*** INFORMATION GIVEN ***
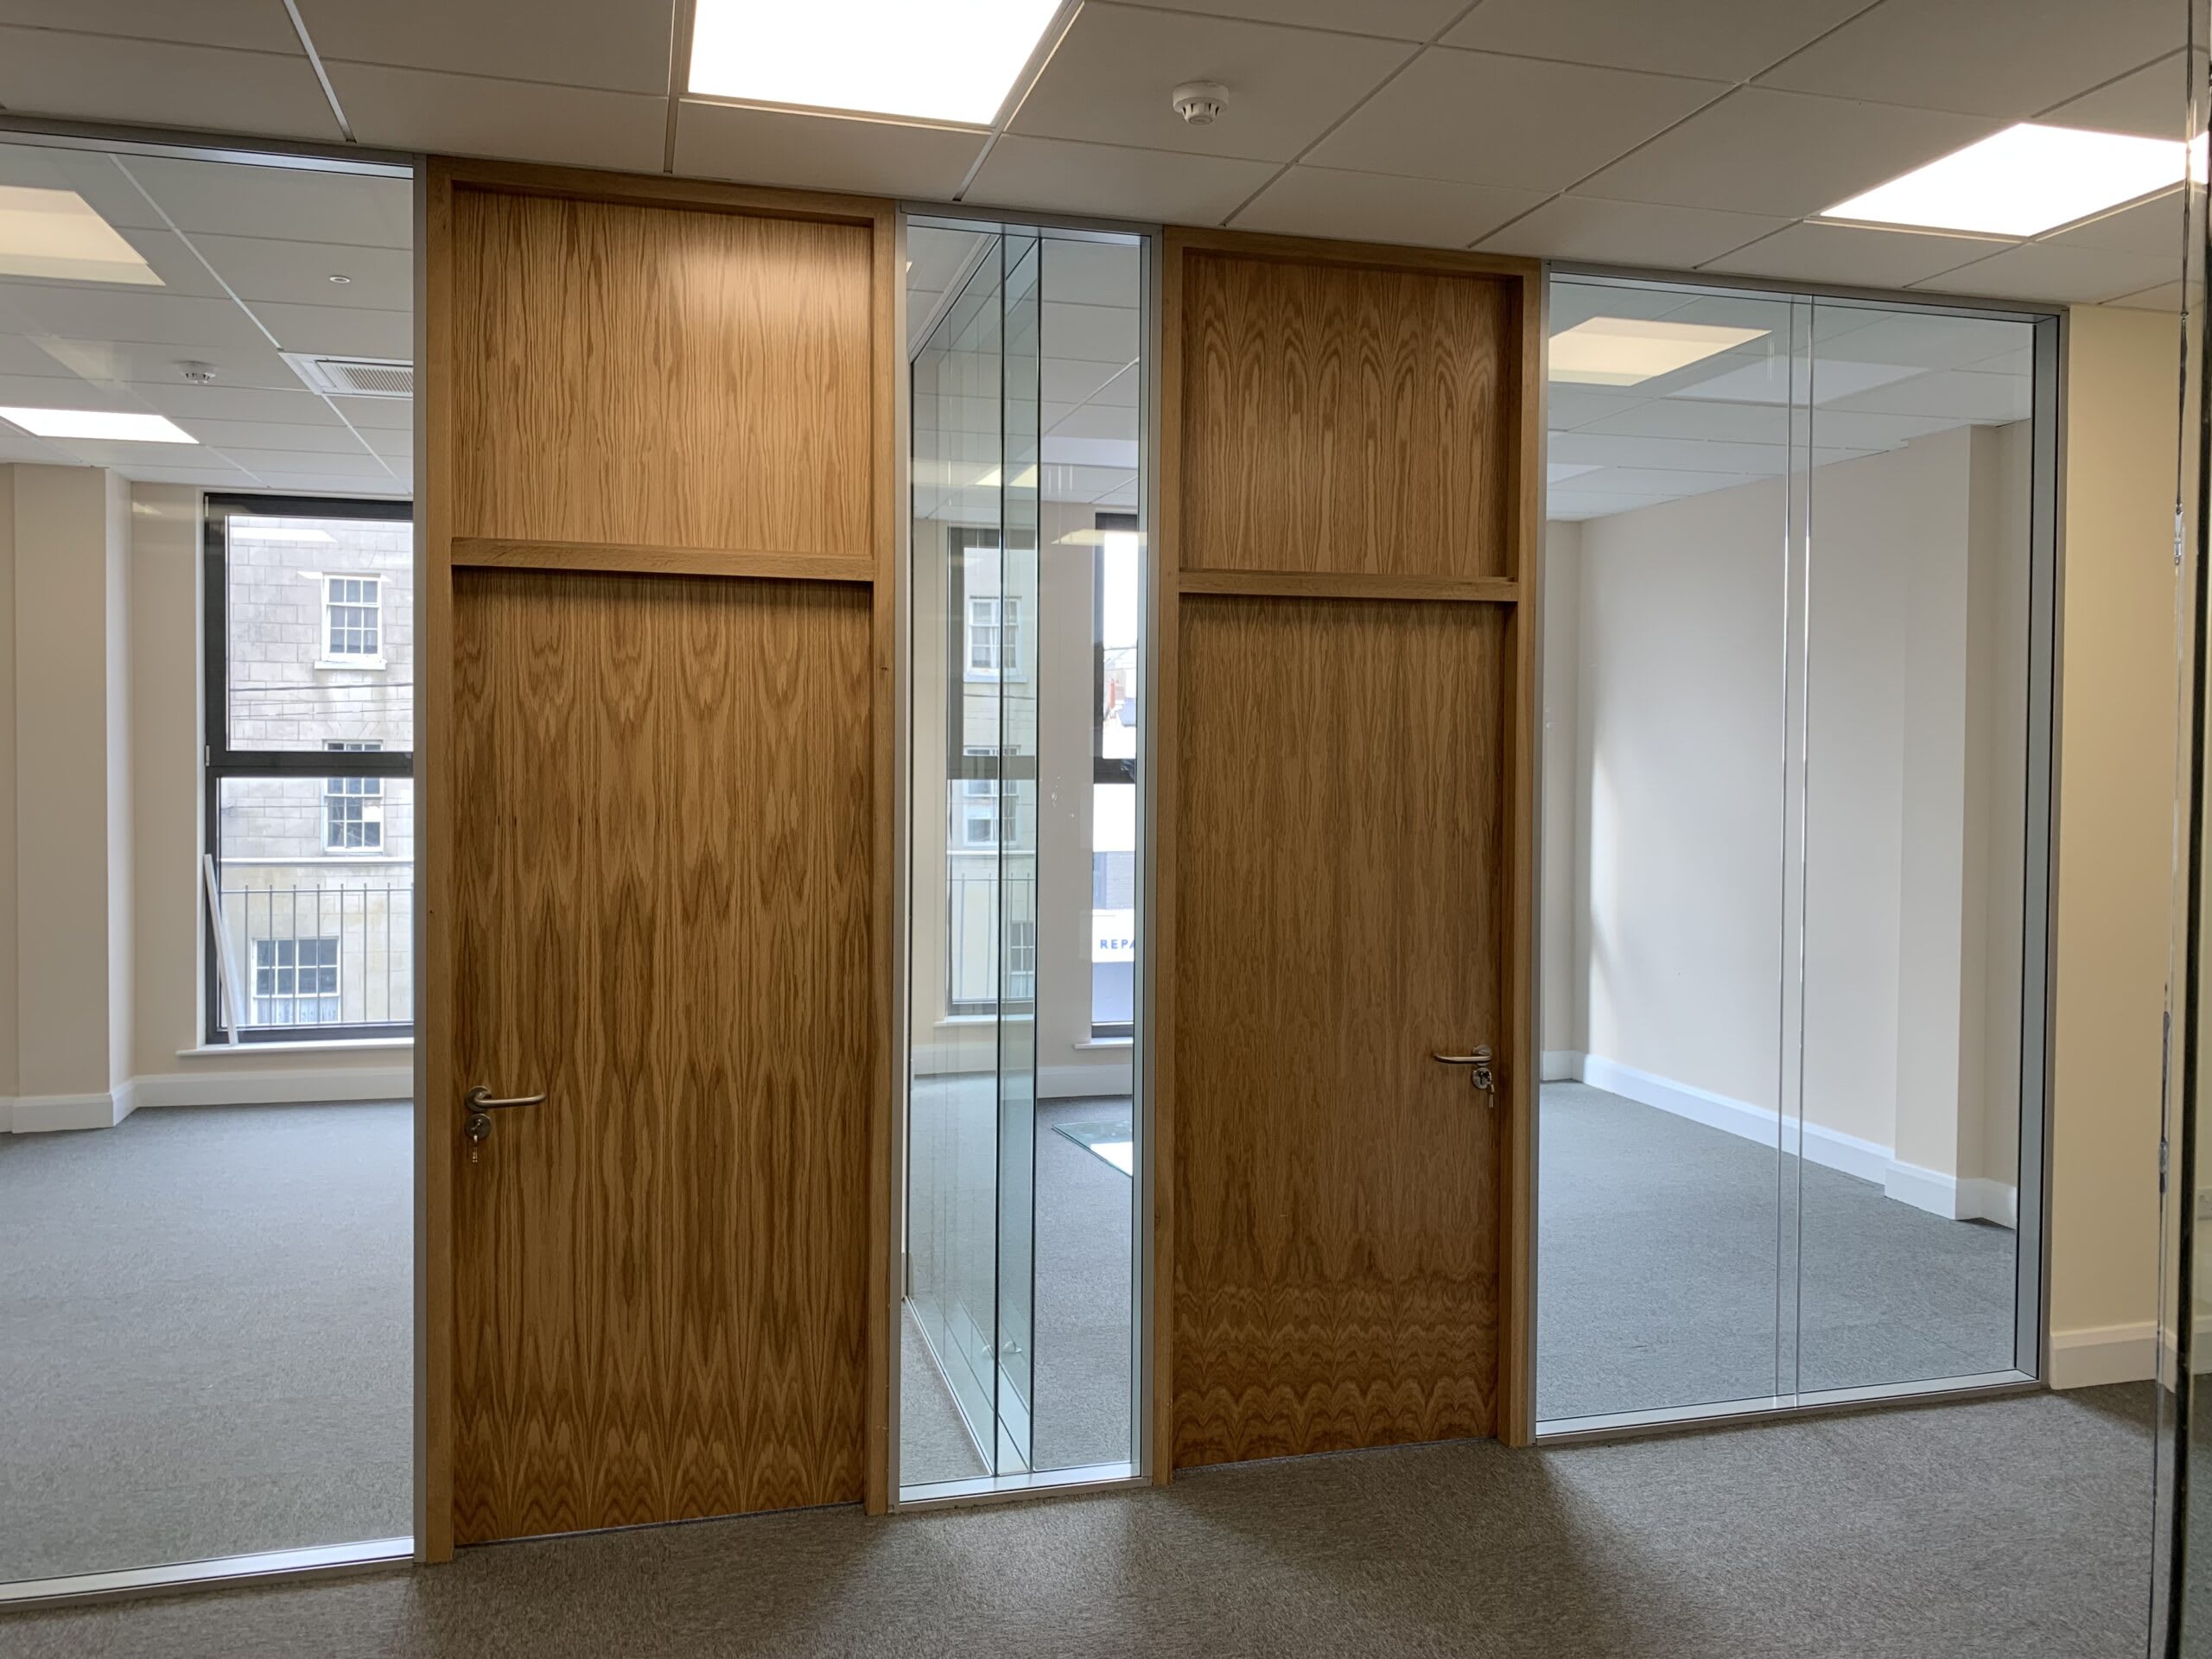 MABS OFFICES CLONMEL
*** End of INFORMATION GIVEN ***
*** INFORMATION GIVEN ***
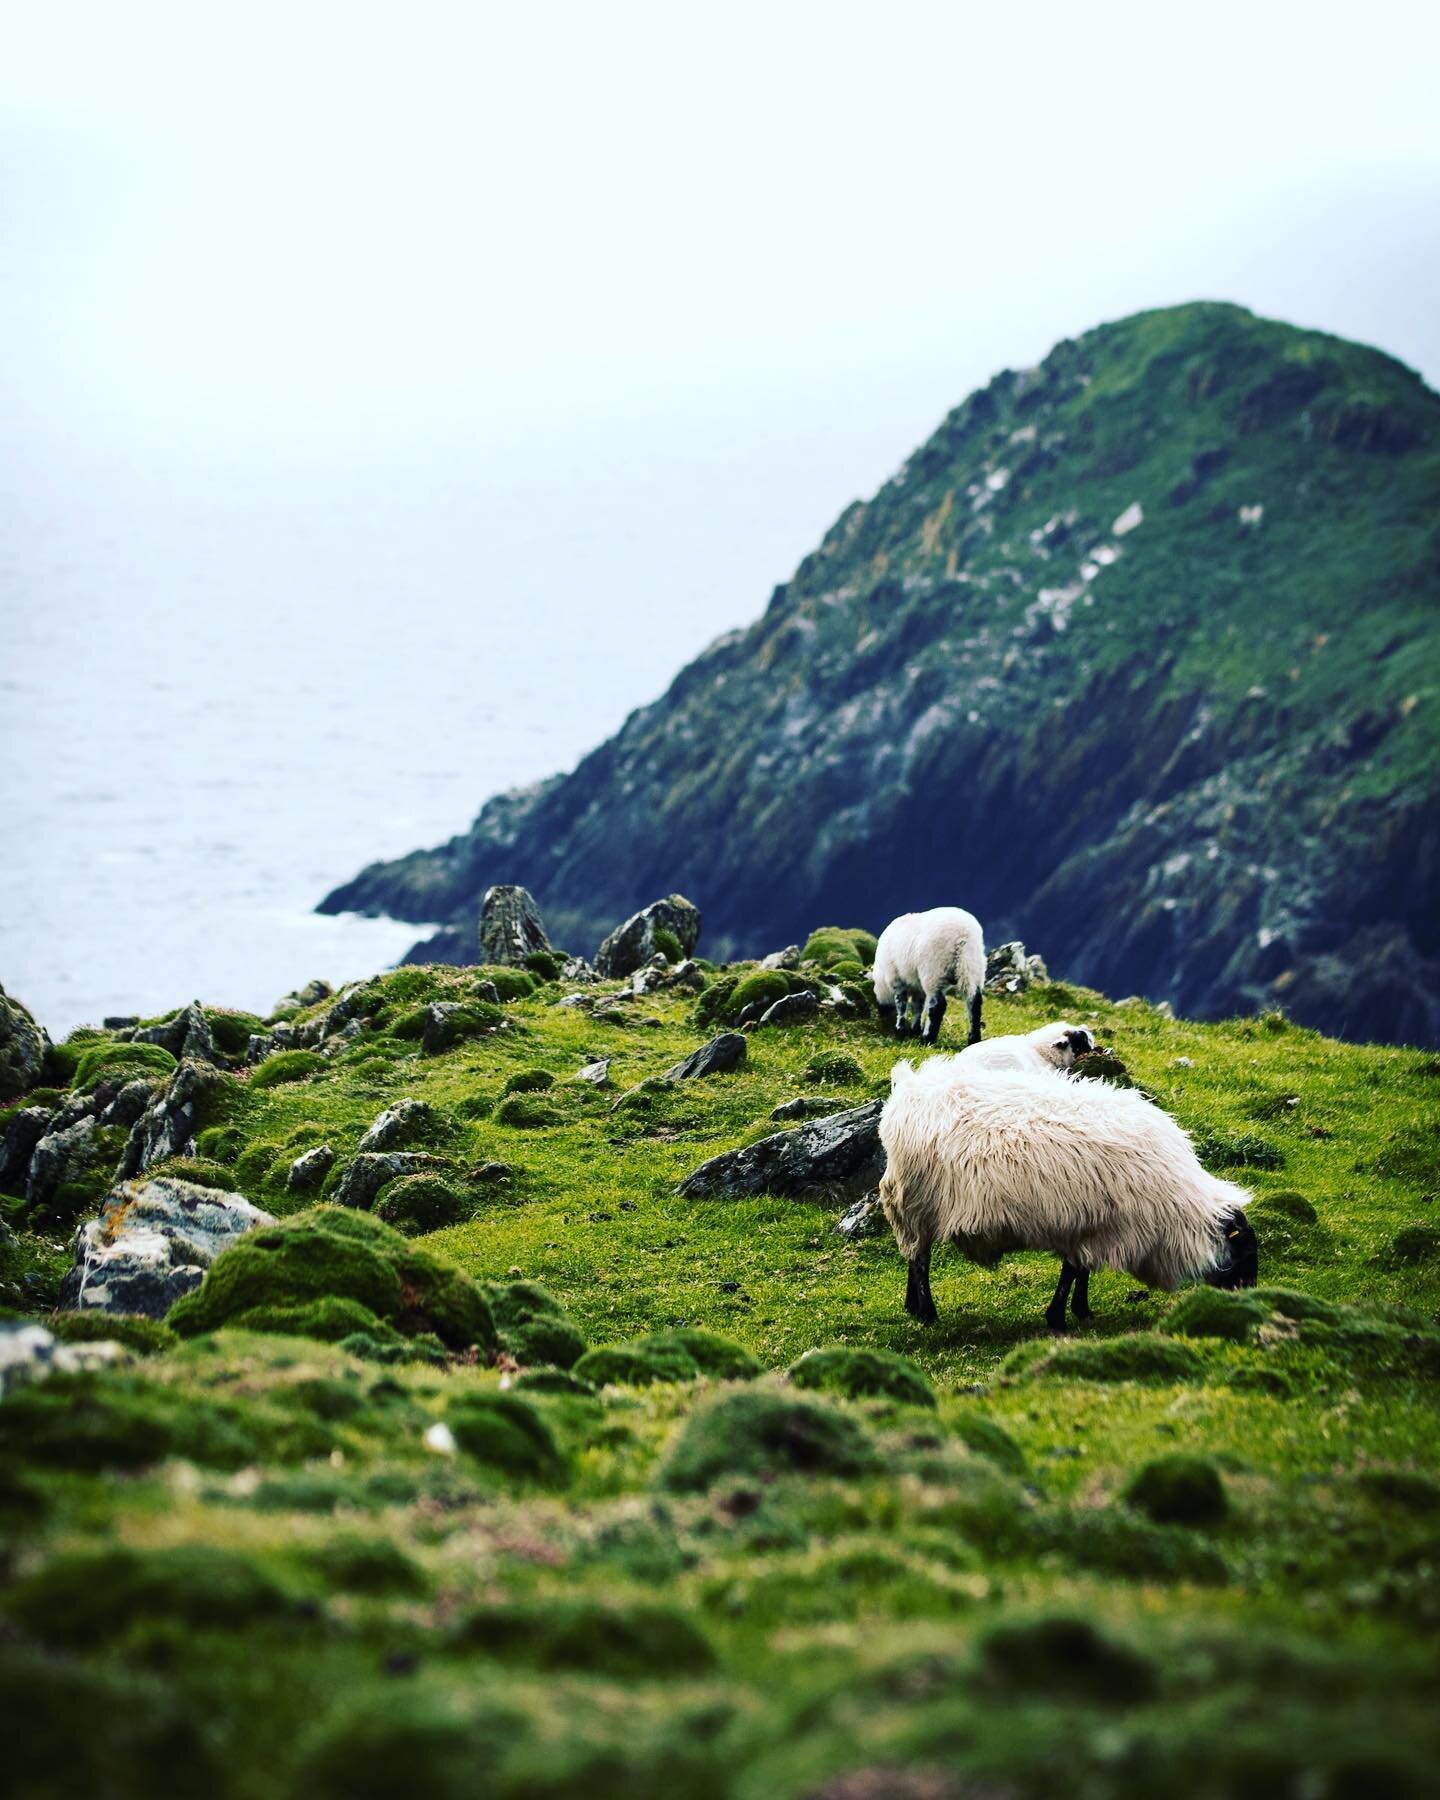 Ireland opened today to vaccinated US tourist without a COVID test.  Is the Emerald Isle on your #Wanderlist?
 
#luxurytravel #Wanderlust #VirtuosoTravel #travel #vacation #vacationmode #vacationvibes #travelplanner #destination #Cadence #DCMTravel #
*** End of INFORMATION GIVEN ***
*** INFORMATION GIVEN ***
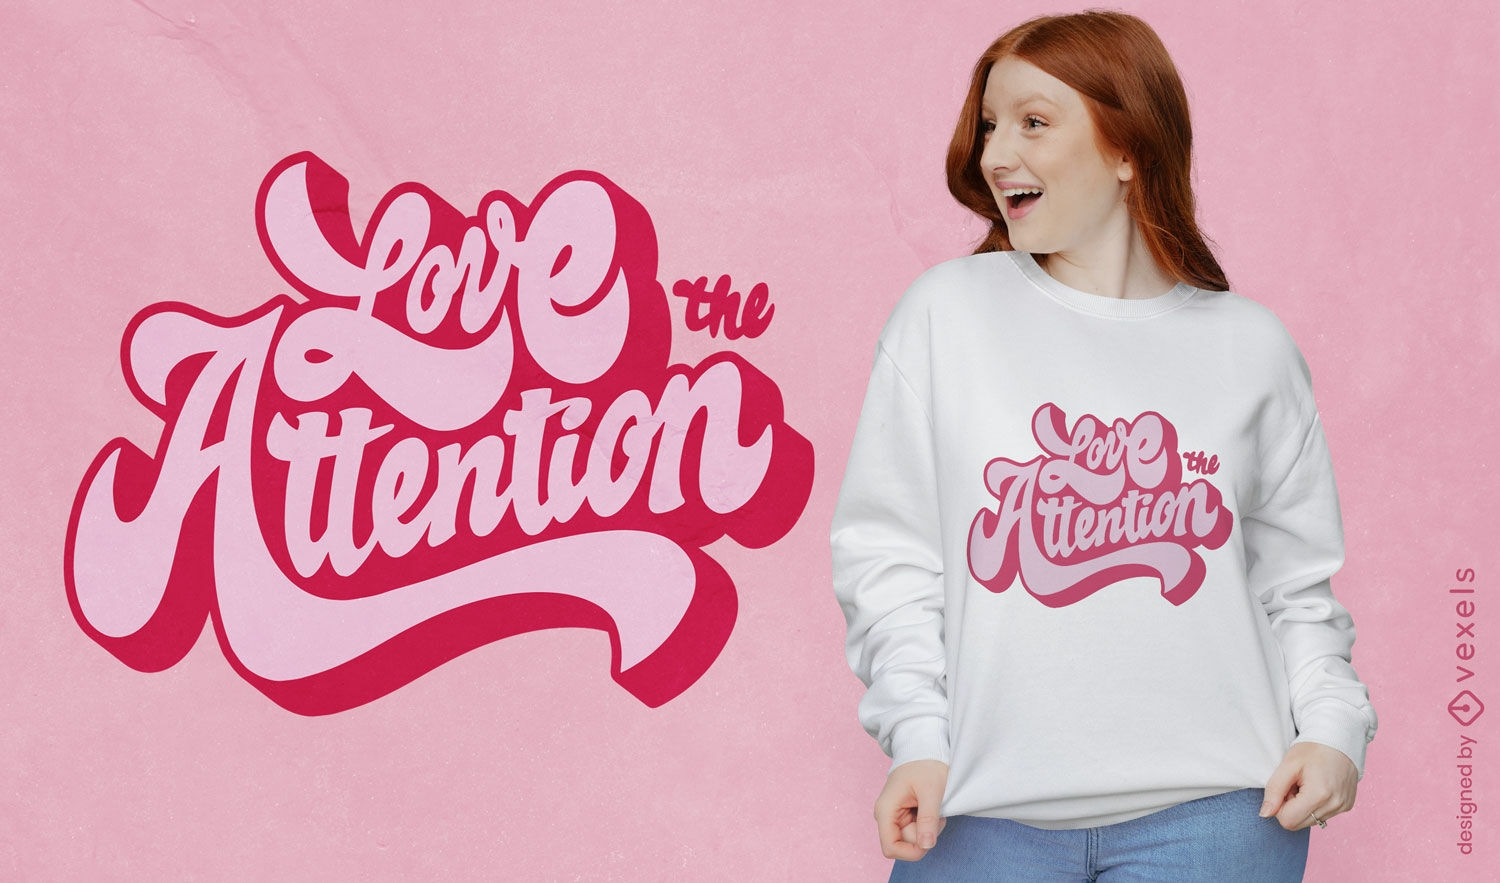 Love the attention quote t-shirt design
*** End of INFORMATION GIVEN ***
* _ACTIVITY_
Look above and copy only the lines from the one holding "Ireland opened today" to the one holding "#luxurytravel #Wanderlust #VirtuosoTravel", both included, exactly, minus the pictures.

* _OUTPUT_
 Ireland opened today to vaccinated US tourist without a COVID test.  Is the Emerald Isle on your #Wanderlist?
 
#luxurytravel #Wanderlust #VirtuosoTravel #travel #vacation #vacationmode #vacationvibes #travelplanner #destination #Cadence #DCMTravel #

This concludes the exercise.